Re: Parallel tuplesort (for parallel B-Tree index creation)

From: Peter Geoghegan <pg(at)heroku(dot)com>
To: Robert Haas <robertmhaas(at)gmail(dot)com>
Cc: Amit Kapila <amit(dot)kapila16(at)gmail(dot)com>, Heikki Linnakangas <hlinnaka(at)iki(dot)fi>, Claudio Freire <klaussfreire(at)gmail(dot)com>, Pg Hackers <pgsql-hackers(at)postgresql(dot)org>, Corey Huinker <corey(dot)huinker(at)gmail(dot)com>, Tom Lane <tgl(at)sss(dot)pgh(dot)pa(dot)us>
Subject: Re: Parallel tuplesort (for parallel B-Tree index creation)
Date: 2016-10-28 00:39:07
Message-ID: CAM3SWZQry9V0EPJ551117XHF_1WK6T6baDqckvY2nU4prQCY=A@mail.gmail.com
Views: Raw Message | Whole Thread | Download mbox | Resend email
Thread:
Lists: pgsql-hackers

On Wed, Oct 19, 2016 at 11:33 AM, Peter Geoghegan <pg(at)heroku(dot)com> wrote:
> I don't think that eager merging will prove all that effective,
> however it's implemented. I see a very I/O bound system when parallel
> CREATE INDEX merges serially. There is no obvious reason why you'd
> have a straggler worker process with CREATE INDEX, really.

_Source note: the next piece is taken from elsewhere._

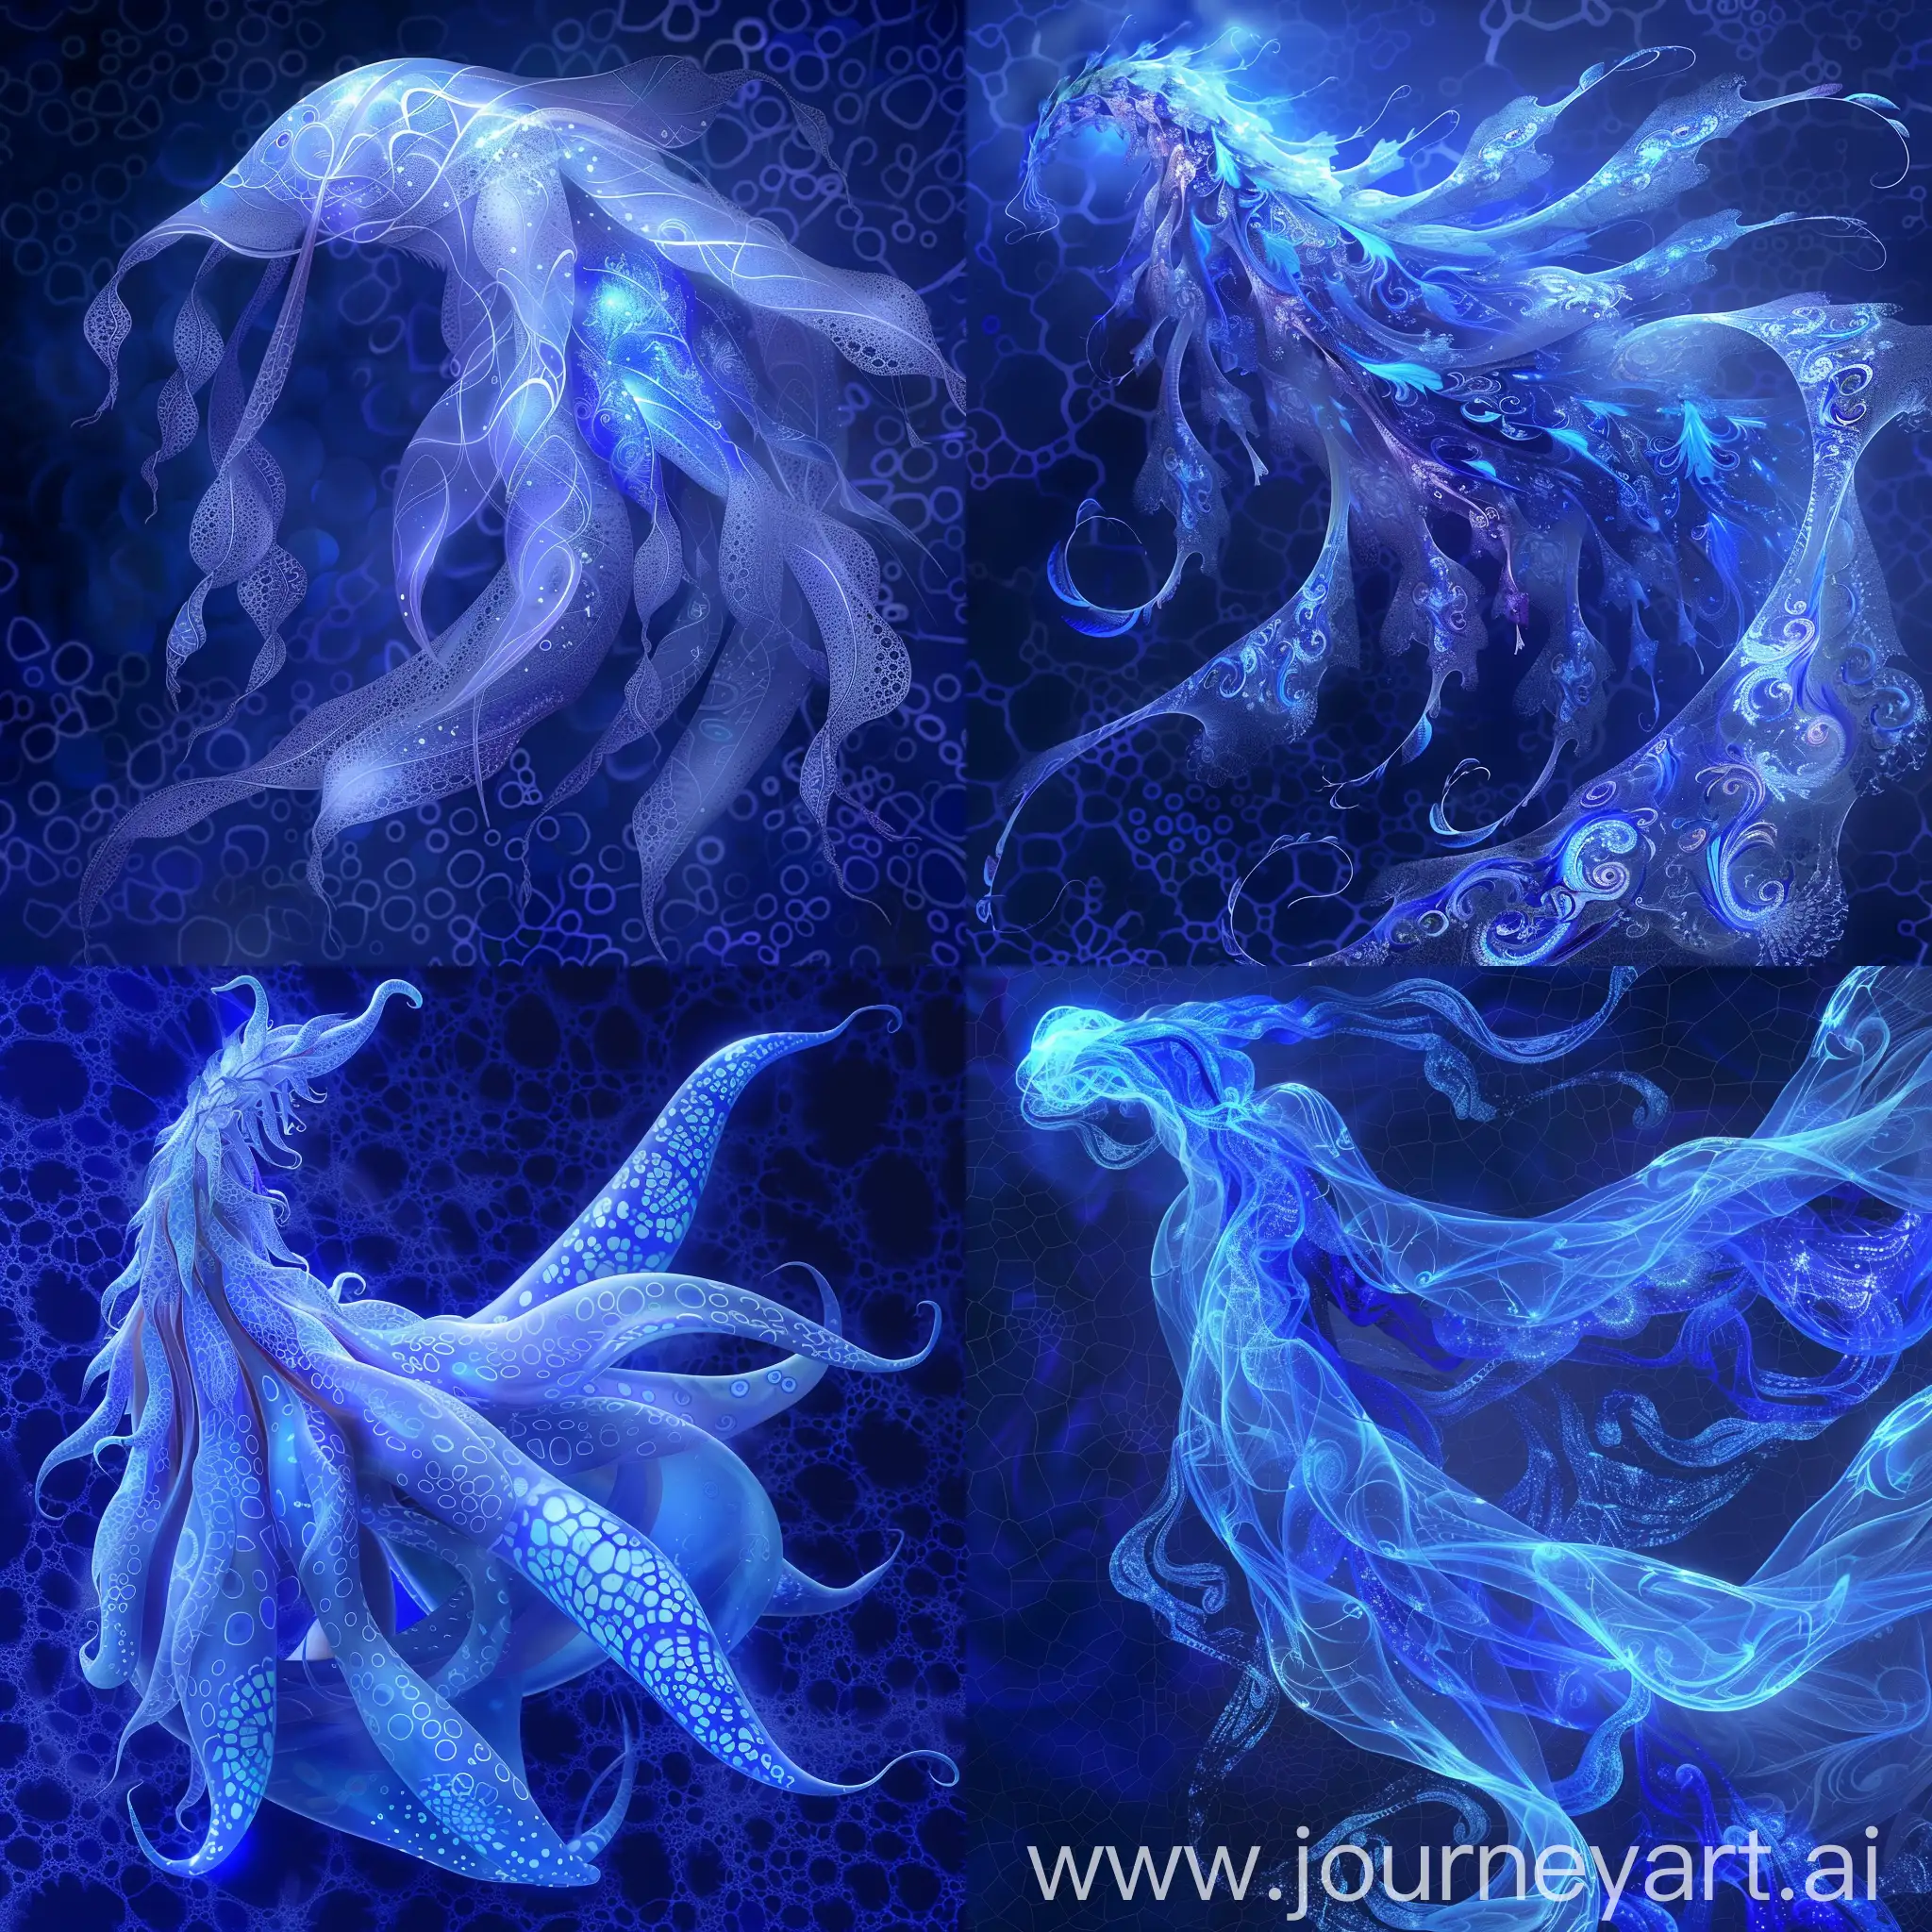 Visualize a (((fantastical surrealistic whimisical creature))) composed entirely of flowing periwinkle silk with intricate designs and ethereal patterns that give off magnificent bioluminescence. Its form and detailing suggest an otherworldly wonder that defies the realm of reality background should be deep blue fractal crackle swirls

In an effort to head off any misunderstanding around this patch
series, I started a new Wiki page for it:

https://wiki.postgresql.org/wiki/Parallel_External_Sort

This talks about parallel CREATE INDEX in particular, and uses of
parallel external sort more generally, including future uses beyond
CREATE INDEX.

This approach worked very well for me during the UPSERT project, where
a detailed overview really helped. With UPSERT, it was particularly
difficult to keep the *current* state of things straight, such as
current open items for the patch, areas of disagreement, and areas
where there was no longer any disagreement or controversy. I don't
think that this patch is even remotely as complicated as UPSERT was,
but it's still something that has had several concurrently active
mailing list threads (threads that are at least loosely related to the
project), so I think that this will be useful.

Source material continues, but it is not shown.